«Vorurteile Bitte draussen lassen»
Von Martina Wernsdörfer Sprach Paulina Szczesniak. Aktualisiert am 25.01.2012
Martina Wernsdörfer, wie muss man sich eine Ausstellung zur Alltagskultur im revolutionären China vorstellen?
Ausgangspunkt der Schau ist die Sammlung von Dr. Helmut Opletal, der in den 70er- und 80er-Jahren in China lebte – erst als Student, später als Korrespondent des ORF. Er bekam quasi live mit, wie Mao starb, wie die Kulturrevolution zu Ende ging, wie die Reformperiode anfing. Damals begann er, Alltagsgegenstände zu sammeln, in denen sich die «rote Ästhetik» widerspiegelte: vom Teekrug über den Plattenspieler bis hin zur Bettdecke. So kamen mit der Zeit etwa 3000 Objekte zusammen – eine riesige Sammlung! Bevor er diese dem Völkerkundemuseum in Wien übereignete, verwahrte er sie in seiner Wohnung. Das muss ein spektakulärer Anblick gewesen sein.
Haben Sie ein persönliches Lieblingsexponat?
Es gibt da einen Wecker, den ich einfach genial finde. Auf dem Zifferblatt schwenkt ein Persönchen in Rotgardisten-Uniform im Sekundentakt die «Mao-Bibel». Das transportiert unglaublich viel: Eine neue Zeit wird eingeläutet. Eines der skurrilsten Objekt ist wohl ein kleiner Anstecker mit einem Atompilz drauf. Das stimmt schon nachdenklich – und zeigt eben auch, mit welcher Radikalität die Ziele damals verfolgt wurden . . .
Solche Dinge schafften sich die Chinesen damals tatsächlich an?

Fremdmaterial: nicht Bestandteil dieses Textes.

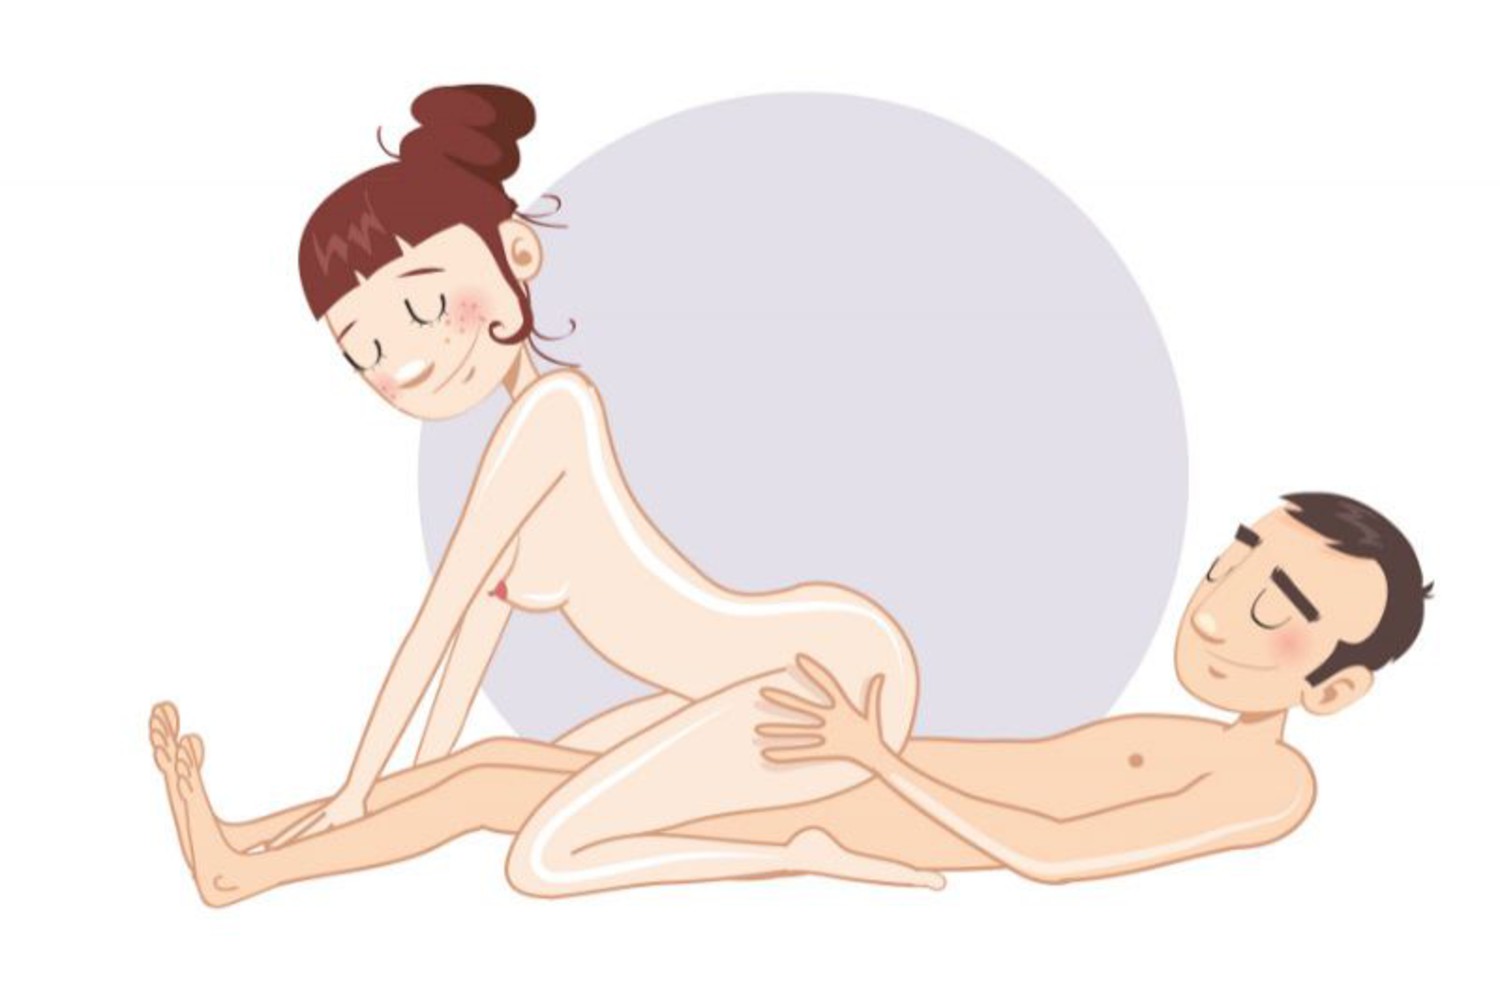 Sex position secrets

Und ob! Die Kulturrevolution wurde ja, zumindest zu Beginn, nicht einfach von oben nach unten dirigiert, sondern stark vom Volk getragen. Entsprechend gross war die Nachfrage nach «Devotionalien». Abgesehen von der politischen Botschaft, die diese Gegenstände transportierten, waren sie auch modern – und entsprechend kostbar: Anfangs besass keineswegs jeder solche Dinge, sondern man erhielt sie als Geschenk oder Auszeichnung. Später wurden diese Prestigegüter zunehmend zur Massenware. Alles, was man im Alltag brauchte, trug plötzlich Maos Konterfei.
Wie erklären Sie sich, dass dieser Personenkult teilweise bis heute anhält?

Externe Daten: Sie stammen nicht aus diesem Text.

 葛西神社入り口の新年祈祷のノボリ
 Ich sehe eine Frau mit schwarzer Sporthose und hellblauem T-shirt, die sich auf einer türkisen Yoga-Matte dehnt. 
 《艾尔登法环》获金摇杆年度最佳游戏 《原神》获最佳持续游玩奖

Wie man es dreht und wendet: Mao Zedong war eine grosse Persönlichkeit. Im Unterschied zum Westen ist er in China eine positive Figur. Taxifahrer haben Mao als Talisman am Rückspiegel hängen. Betitelungen wie «Massenmörder» sind ihnen indes völlig fremd.
Vielfach wird behauptet, China würde sich seiner roten Vergangenheit nicht stellen.

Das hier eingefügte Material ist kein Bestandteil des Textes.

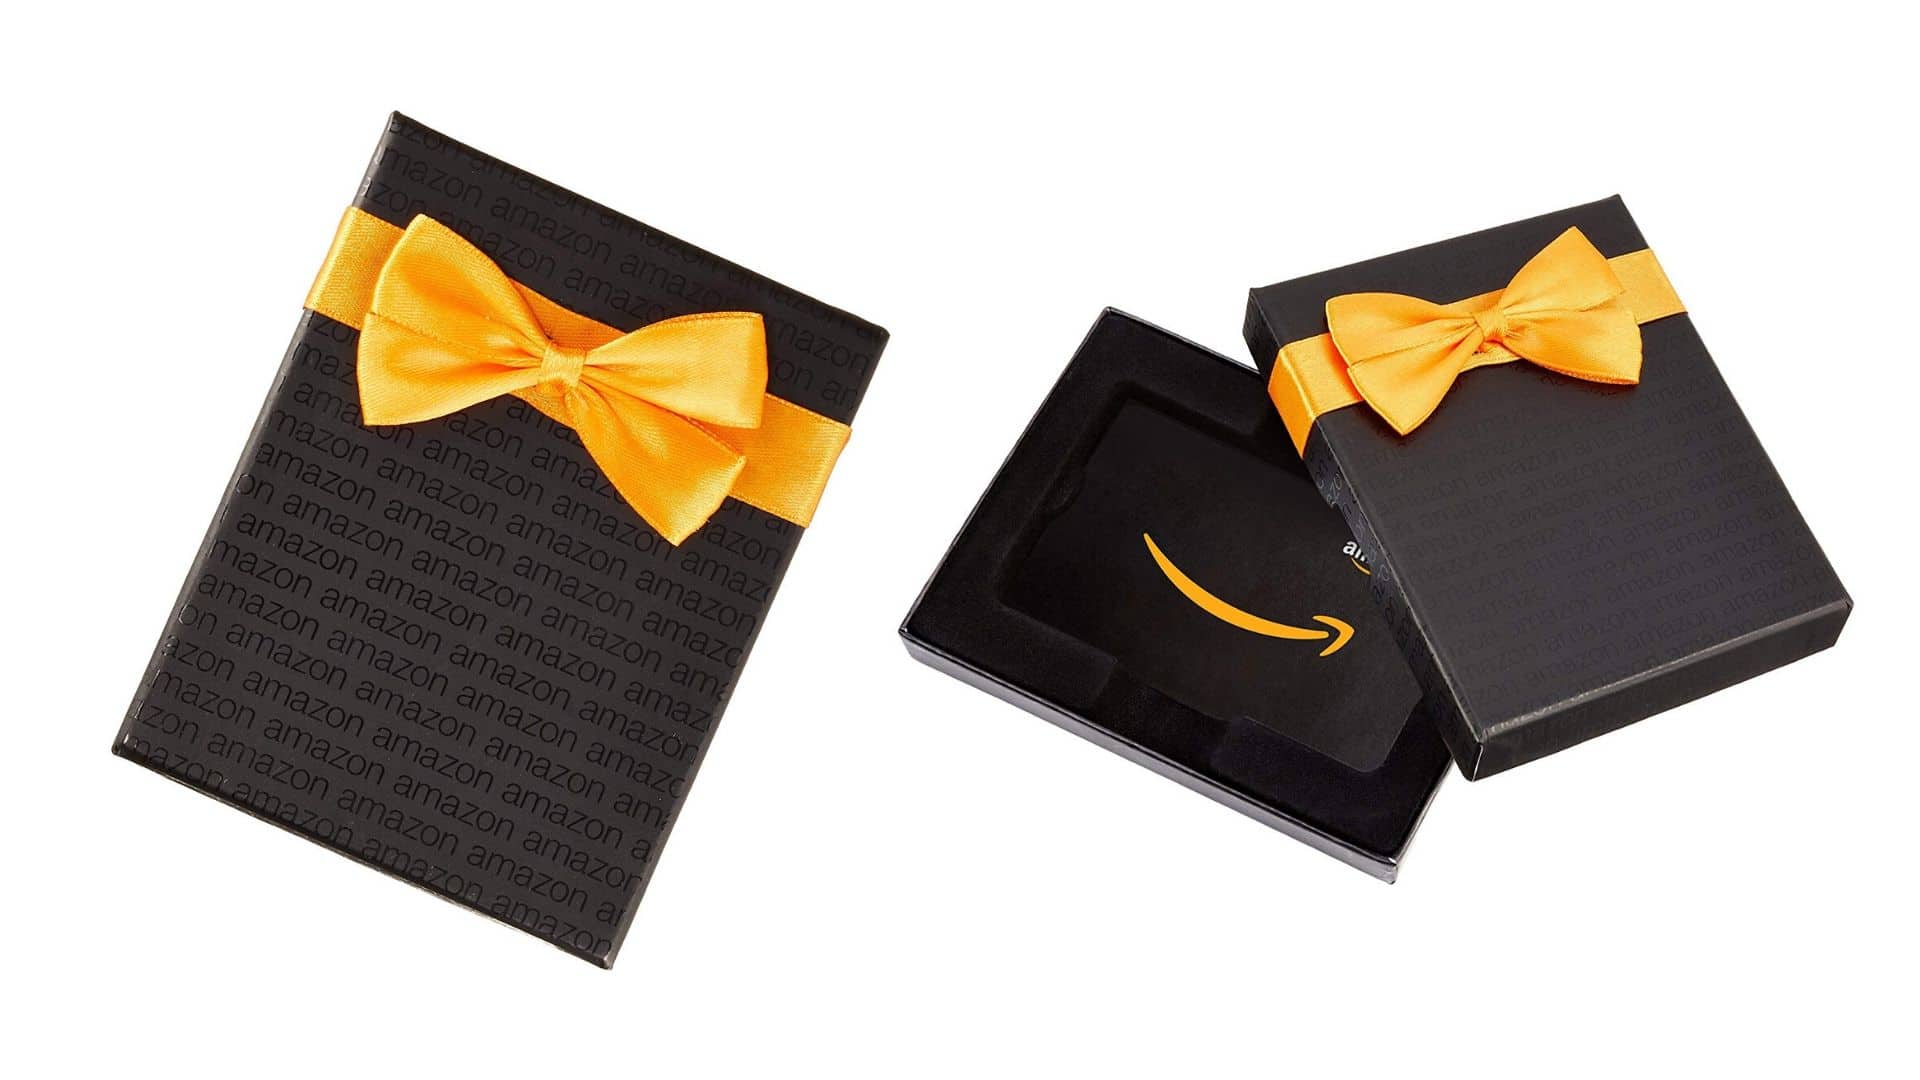 En manque d'idée cadeau, une carte cadeau Amazon fera toujours plaisir

China stellt sich dem Thema jeden Tag aufs Neue. Nur ist die Art der Verarbeitung nicht die, die vom Westen diktiert wird. Achten Sie mal darauf, wie offen und heftig die Debatte über die Kulturrevolution in China weiterläuft, in Blogs, Diskussionsrunden, der zeitgenössischen Kunst – Sie werden staunen.
Und doch bleibt der Westen skeptisch . . .
Ich erlebe das immer wieder: Sobald Sie etwas Positives über China sagen, stehen Sie mit dem Rücken zur Wand, und die Leute vermuten, Sie seien Maoist oder sonst irgendwie infiziert. Ein Ziel der Schau ist es, Vorurteile abzubauen, zu zeigen, dass die chinesische Kultur vielfältiger, komplexer ist, als man gemeinhin glaubt. Jenseits der Stereotype gibt es so viel zu entdecken.
Gibt es Parallelen zwischen dem Roten China und der aktuellen Situation in Nordkorea?
Ich verstehe schon, dass die Leute die Bestattung von Kim Jong-il sehen und denken: Das ist doch wie damals bei Mao Zedong. Letztlich sind es aber zwei verschiedene Staaten mit verschiedenen Systemen in verschiedenen Zeiten.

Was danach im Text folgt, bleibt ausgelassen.